## Recorded information:
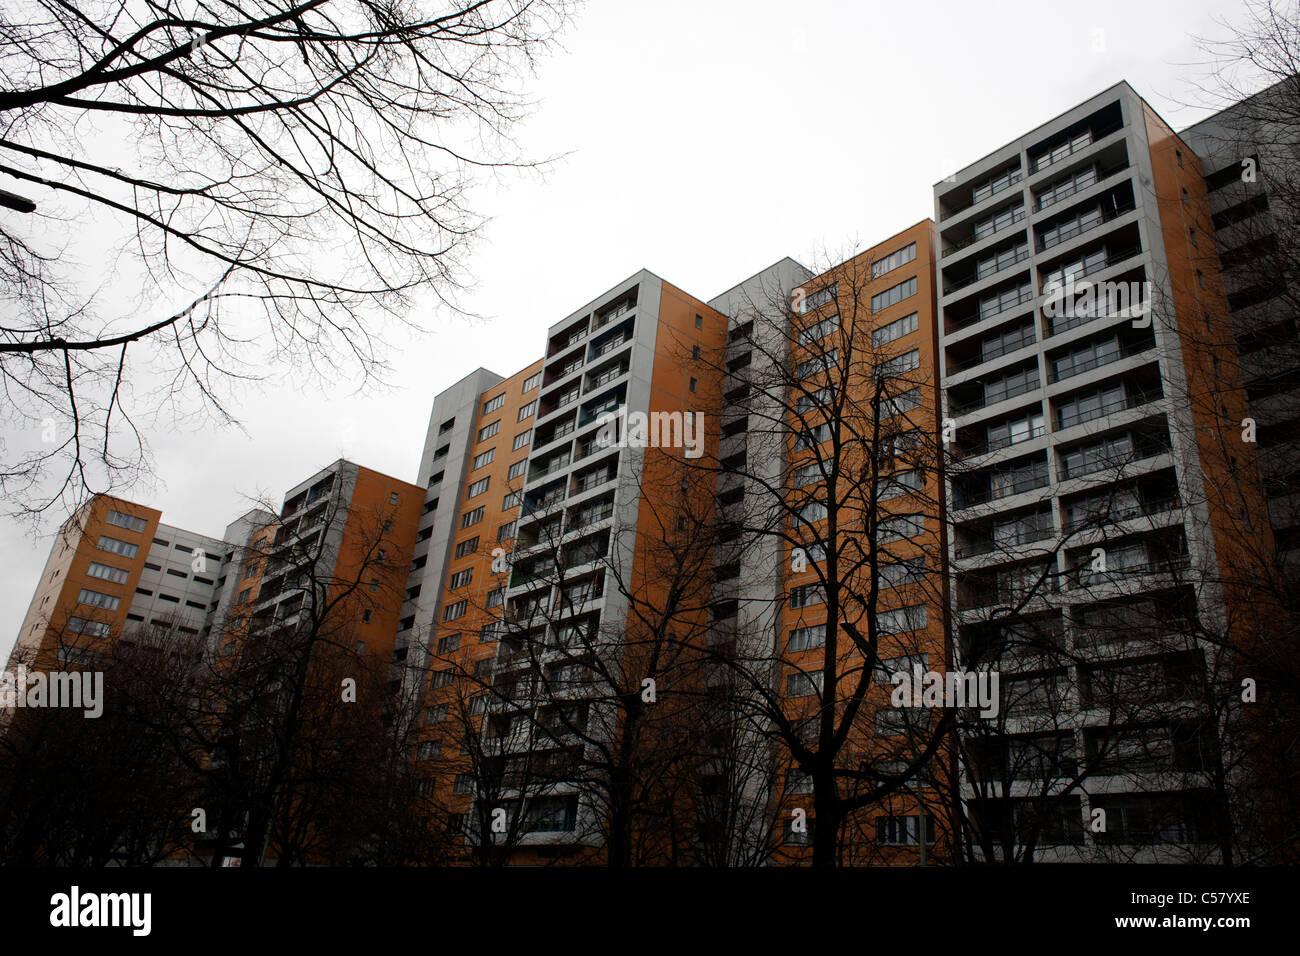 Social housing in Kreuzberg. Berlin, Germany. - Stock Image
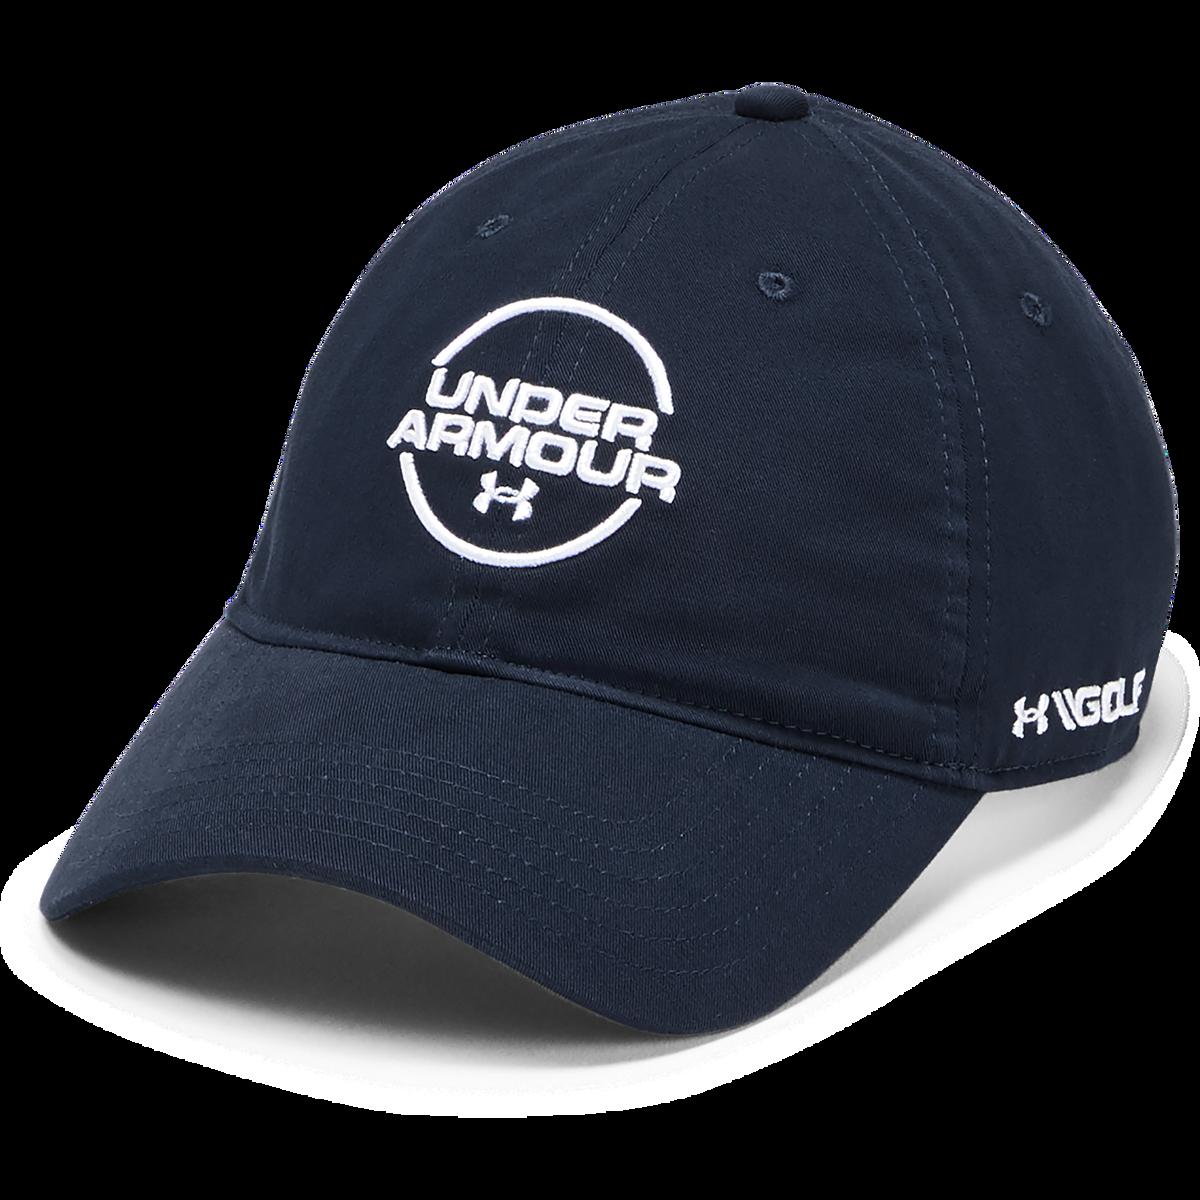 77ca50c1152 Under Armour Jordan Spieth Washed Cotton Hat | PGA TOUR Superstore
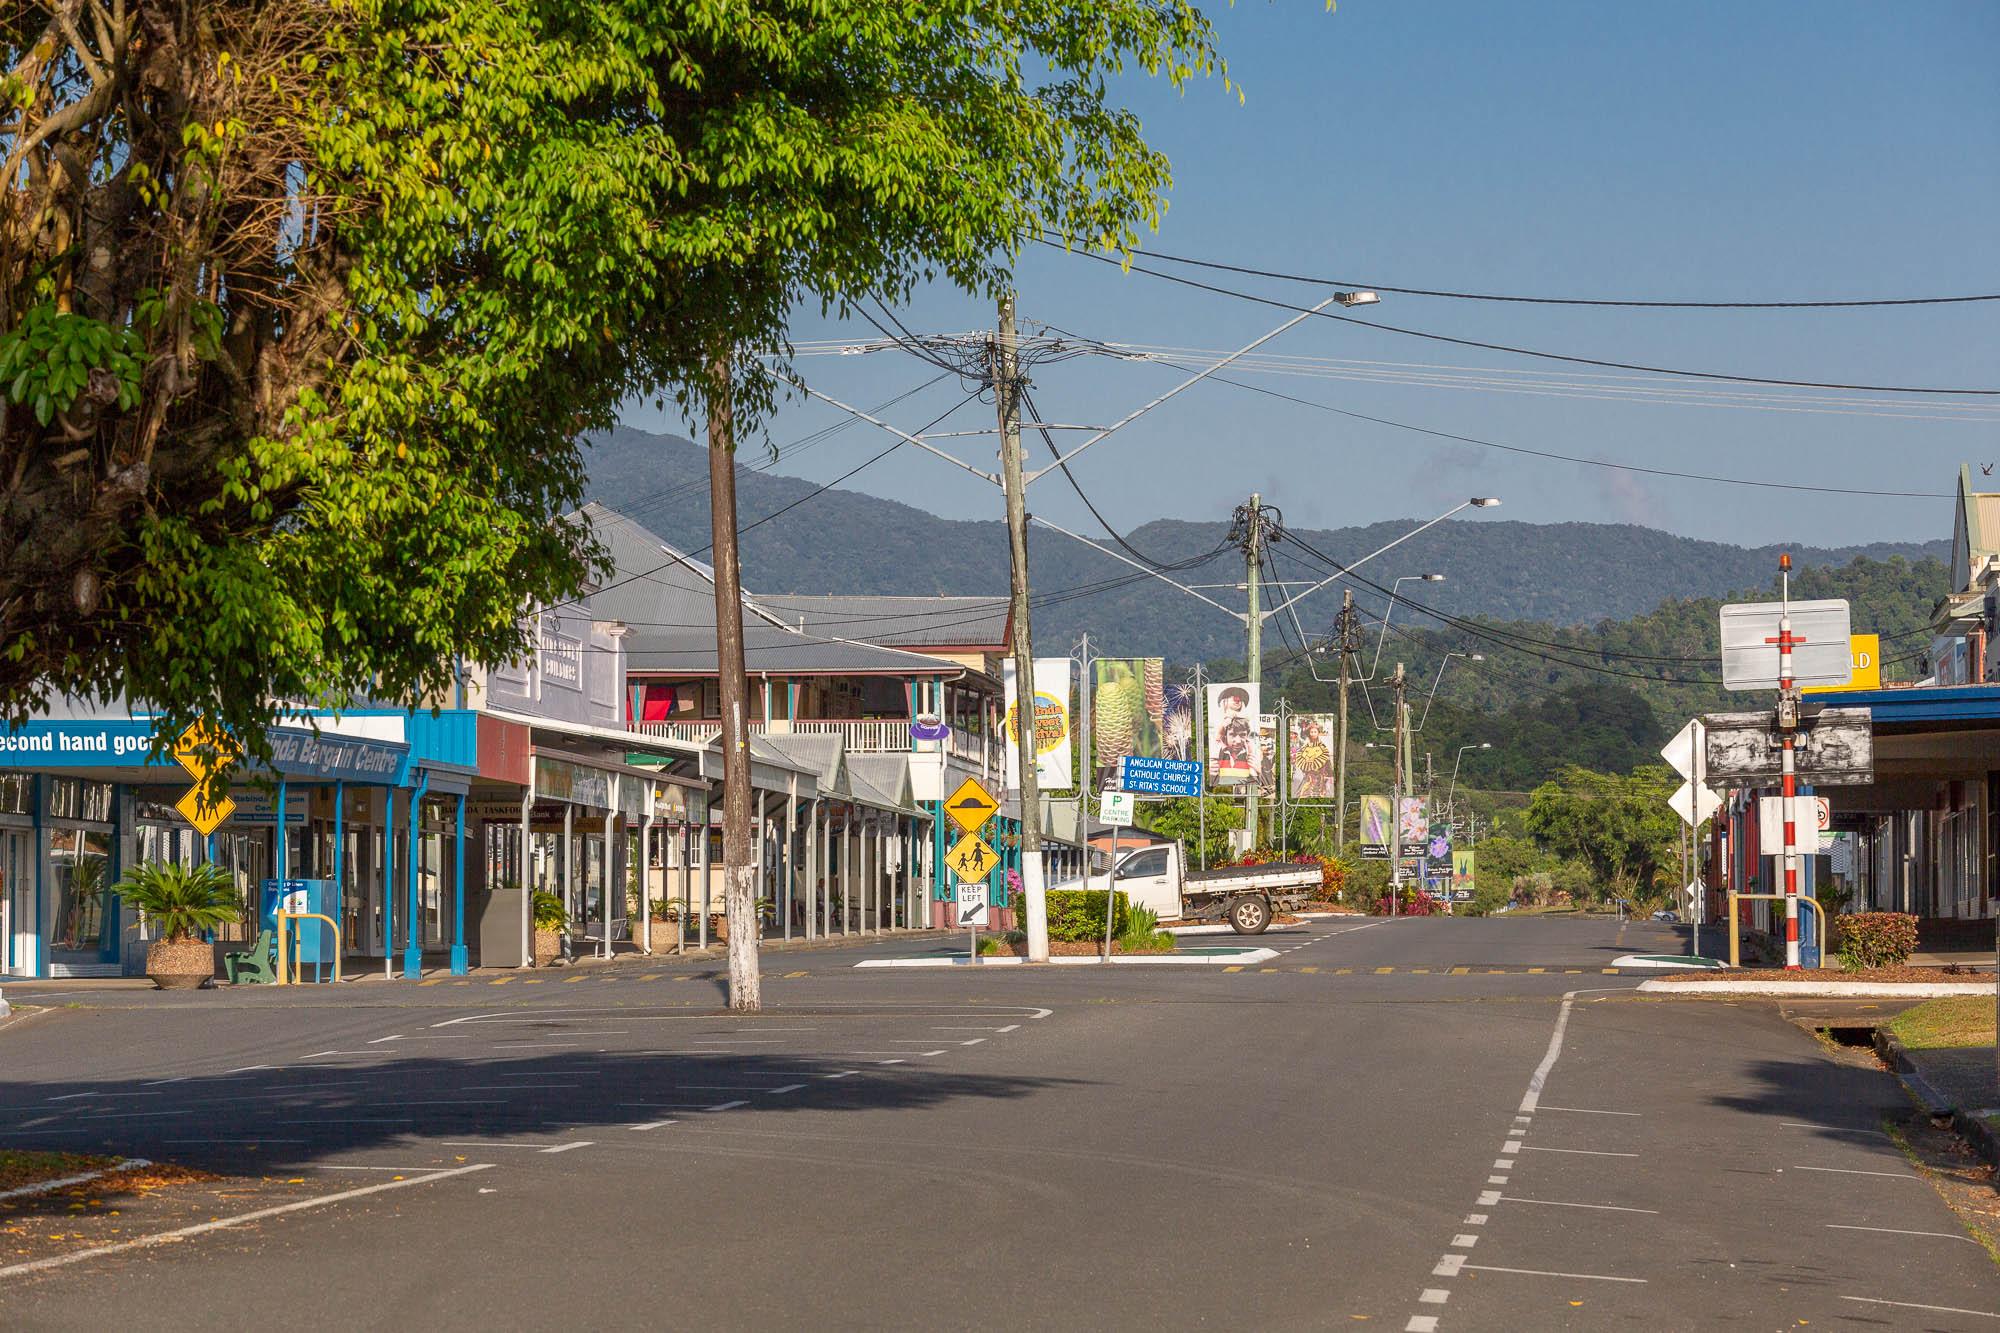 Babinda town center

## To do:
Copy out the data verbatim, with no pictures.

## Exercise answer:
 Social housing in Kreuzberg. Berlin, Germany. - Stock Image
 77ca50c1152 Under Armour Jordan Spieth Washed Cotton Hat | PGA TOUR Superstore
 Babinda town center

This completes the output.